Douglas Fairbanks, Sr. was an American actor, screenwriter, director and producer. He was best known for his swashbuckling roles in silent films such as The Thief of Bagdad, Robin Hood, and The Mark of Zorro. An astute businessman, Fairbanks was a founding member of United Artists. Fairbanks was also a founding member of The Motion Picture Academy and hosted the first Oscars Ceremony in 1929. With his marriage to Mary Pickford in 1920, the couple became Hollywood royalty with Fairbanks constantly referred to as “The King of Hollywood”, a nickname later passed on to actor Clark Gable.

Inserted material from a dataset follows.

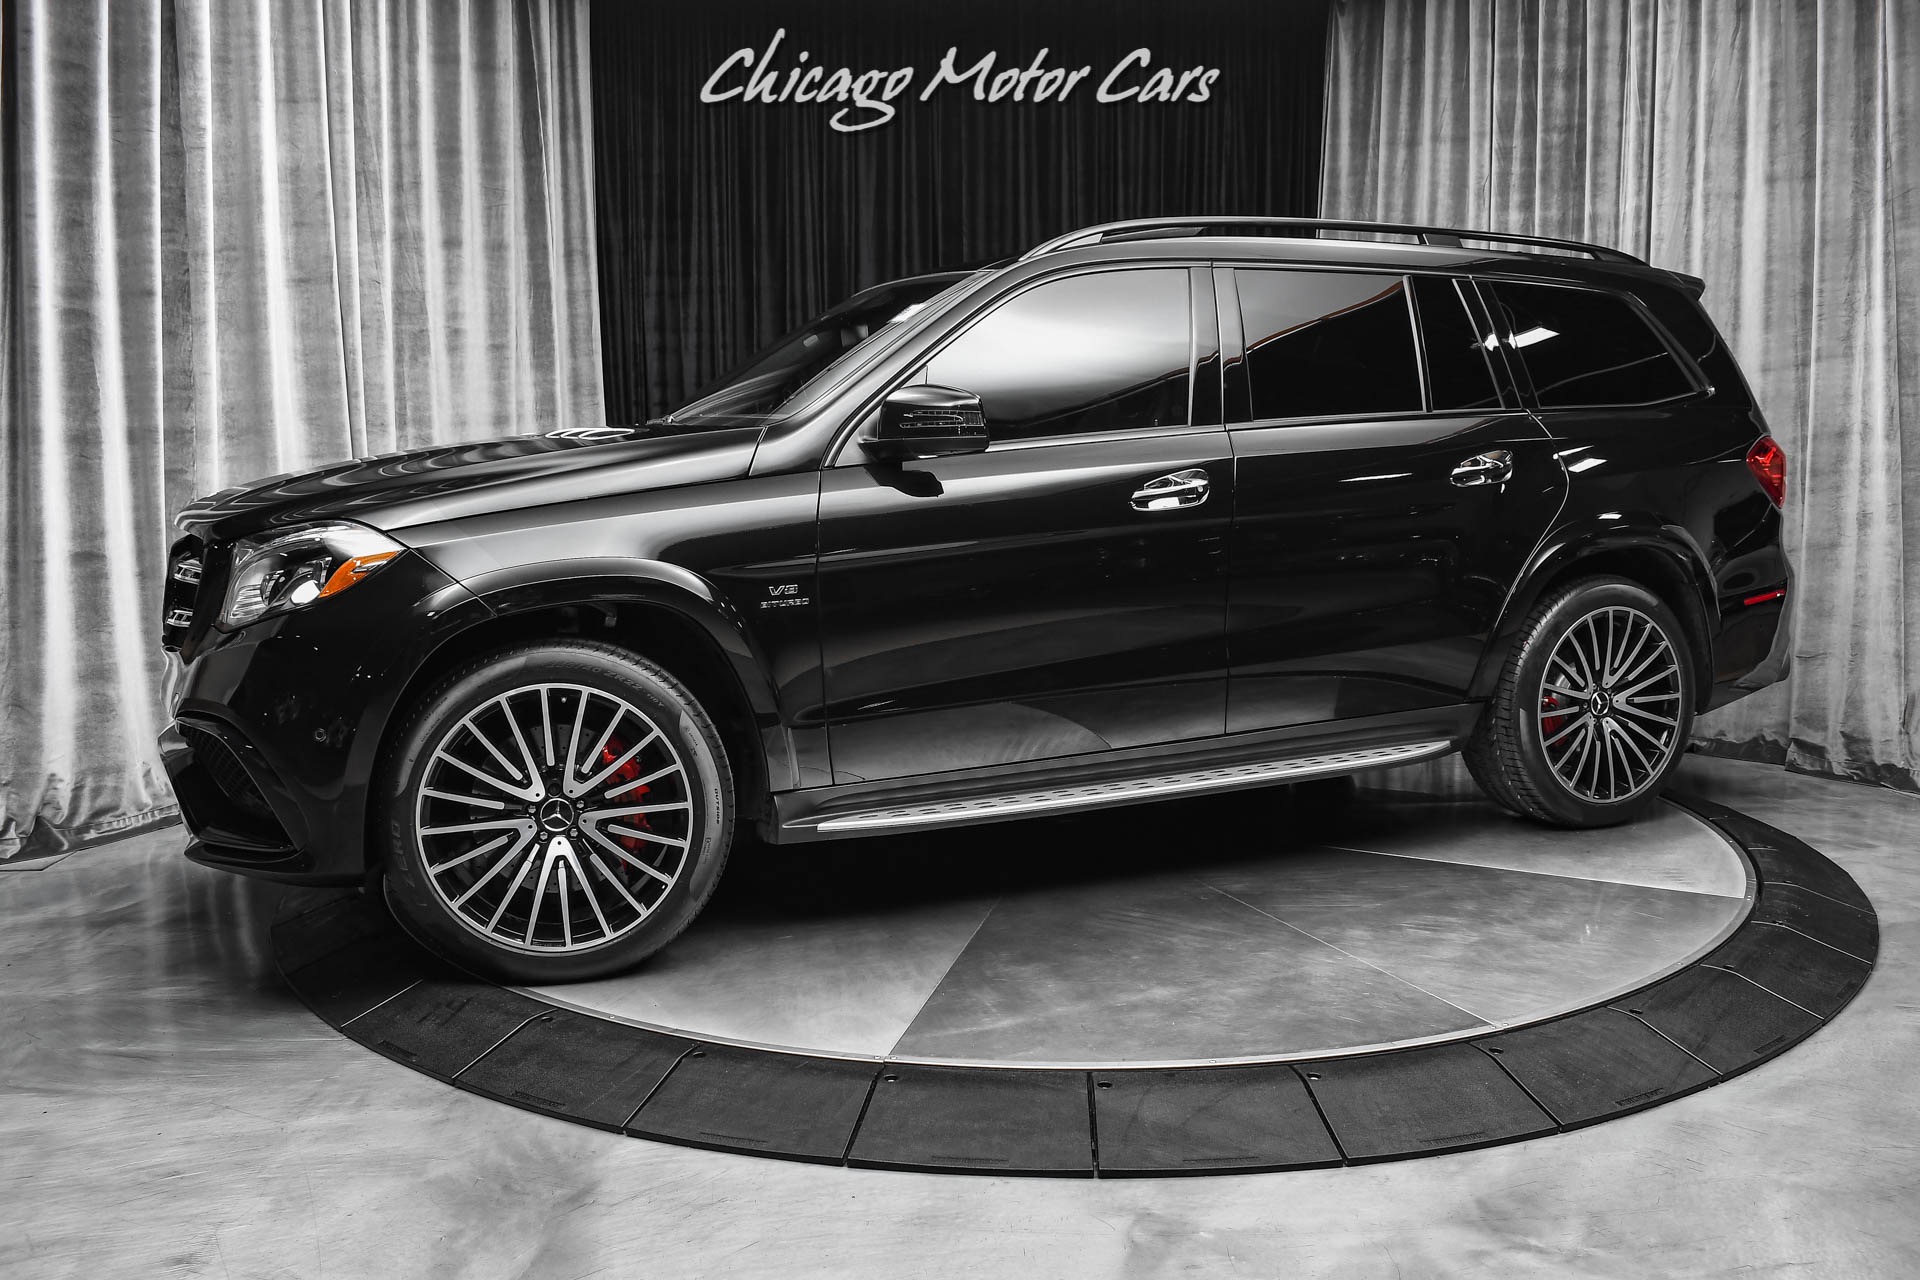 Used 2017 Mercedes-Benz GLS63 63 AMG Original $131K MSRP! AMG NIGHT STYLING  PKG! 22 AMG BLACK WHEELS! For Sale (Special Pricing) | Chicago Motor Cars  Stock #18019A

Fairbanks was born Douglas Elton Thomas Ullman in Denver, Colorado, the son of Hezekiah Charles Ullman and Ella Adelaide Marsh. He had a half-brother, John Fairbanks, and a full brother, Robert Payne Ullman. Fairbanks’ father, who was born in Pennsylvania to a Jewish family, was a prominent New York City attorney. His mother, a Roman Catholic, was born in New York, and had previously been married to a man named John Fairbanks until his death. She then married a man named Wilcox, who turned out to be abusive. Her divorce was handled by Ullman, who later became her third husband.
In about 1881, Charles Ullman purchased several mining interests in the Rocky Mountains and moved the family to Denver, where he re-established his law practice. Ullman abandoned the family when Douglas was five years old, and he and Robert were brought up by their mother, who gave them the family name Fairbanks, after her first husband.